Colorless Tsukuru Tazaki and His Year of Pilgrimage - Haruki Murakami

Having discovered Murakami in a roundabout sort of way by happening on the third volume of his magnum opus 1Q84, I was naturally keen to try more.  Tsukuru Tazaki is a more recent (2013), much shorter work. It is equally good.

The story is this: Tsukuru and four other high school students do voluntary work one summer and become the closest of friends for the rest of their secondary education.  The four others, two boys and two girls, happen to have references to colour in their names, hence the 'color' part of the book's title. Tsukuru doesn't; his name means 'builder of things'. As such, he has to go to university in Tokyo because only Tokyo offers a course in his specialism, the building of railway stations.  He comes home for the vacations and, to begin with, everything as it was before he left. His friends are delighted to see him, desperate to hear news of the big city.  But then, for reasons unknown, they cut him dead. They refuse to take his phone calls. When one does finally speak to Tsukuru it is only to tell him that they have all agreed they want nothing more to do with him.

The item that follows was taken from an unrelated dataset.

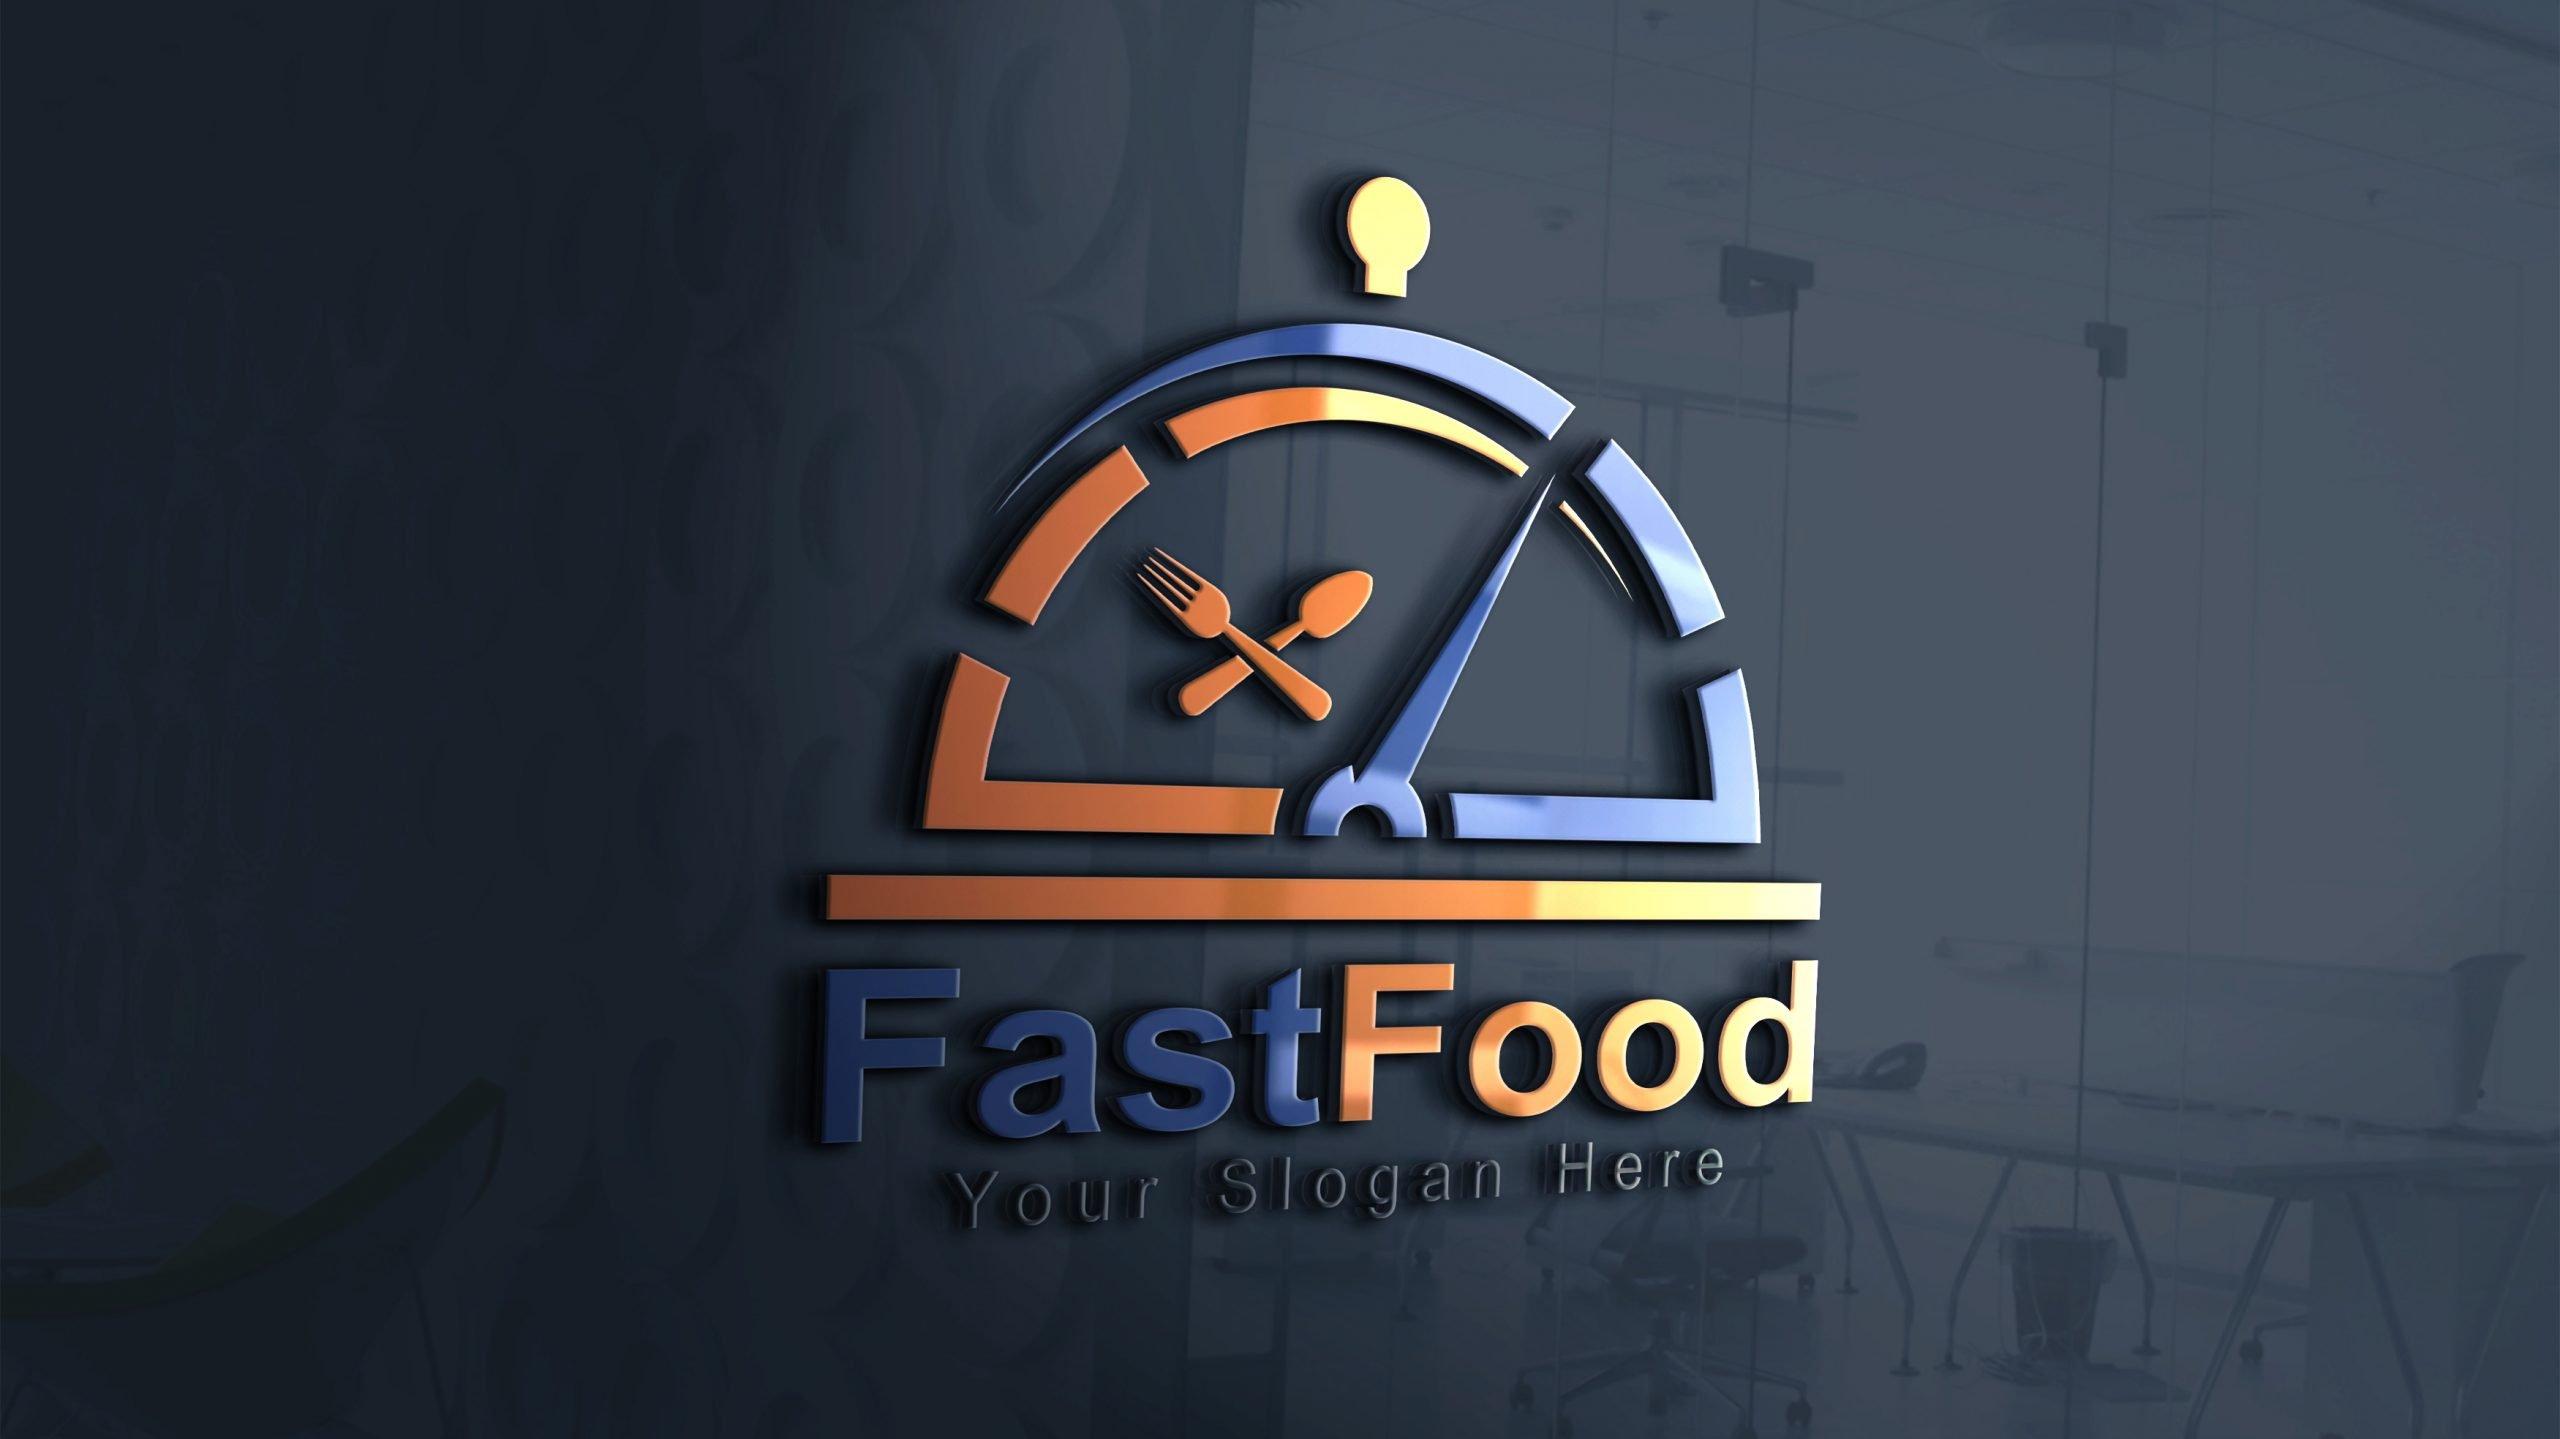 Fast food logo design photoshop file
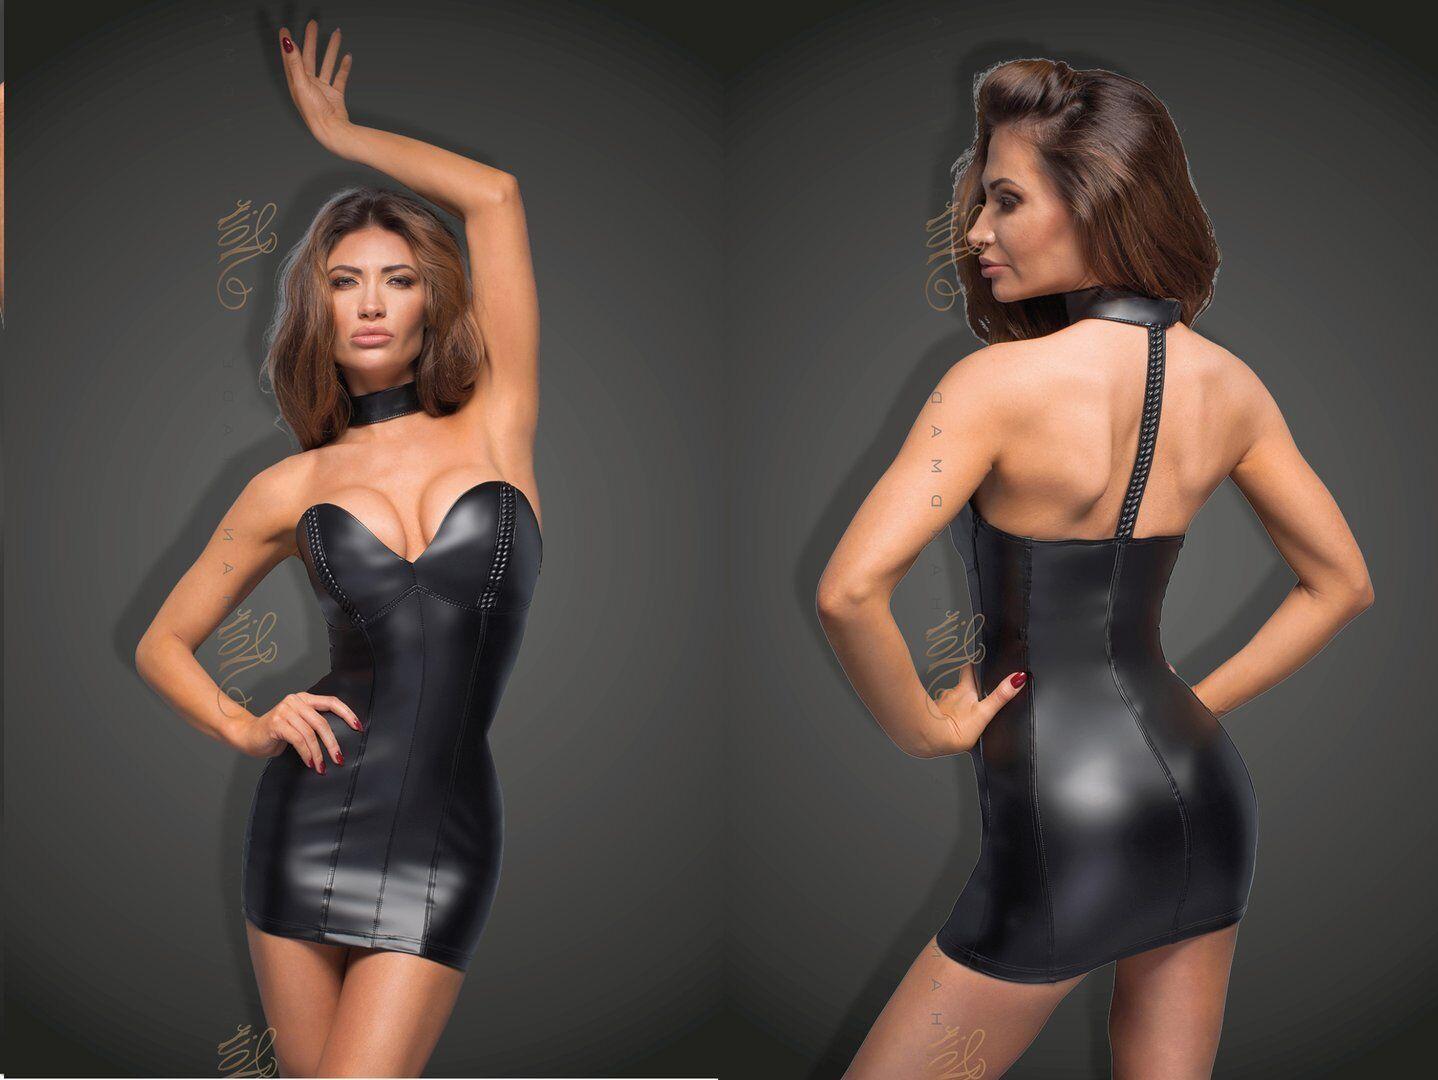 schwarz HANDMADE POWERWETLOOK KLEID minikleid wetlook schwarz kunstleder clubwear

For five months thereafter Tsukuru thinks only of dying.  His life, without his friends, has thus become 'colorless'.  He recovers, graduates, gets the job of his dreams and stays in Tokyo. Sixteen years later he starts dating a woman whom he can at last envisage a future with. She tells him he seems blocked by what happened with his friends.  She convinces him that they only have a future together if he can relieve himself of the burden of his past.  With her help, he tracks down his friends. One of the girls, Shiro, has been murdered.  The other lives with her husband in Finland.  The two boys, Aka and Ao, are still in their home city.

Tsukuru visits them all, even making the trip to Finland to track down Kuru.  They are all pleased to see him.  They all regret having cut him off like they did.  But what else could they do when Shiro told them what Tsukuru had done?  Naturally, I'm not going to reveal what that was.  The important thing is the way Murakami handles the revelation.  Did Tsukuru do it?  Did he later go back and murder Shiro.  If he didn't do either, who did?  And the beauty - the mastery - of his technique is that we never find out.  It's four or five days since I finished the book and the questions are still rattling round in my head.  High art - downright brilliant.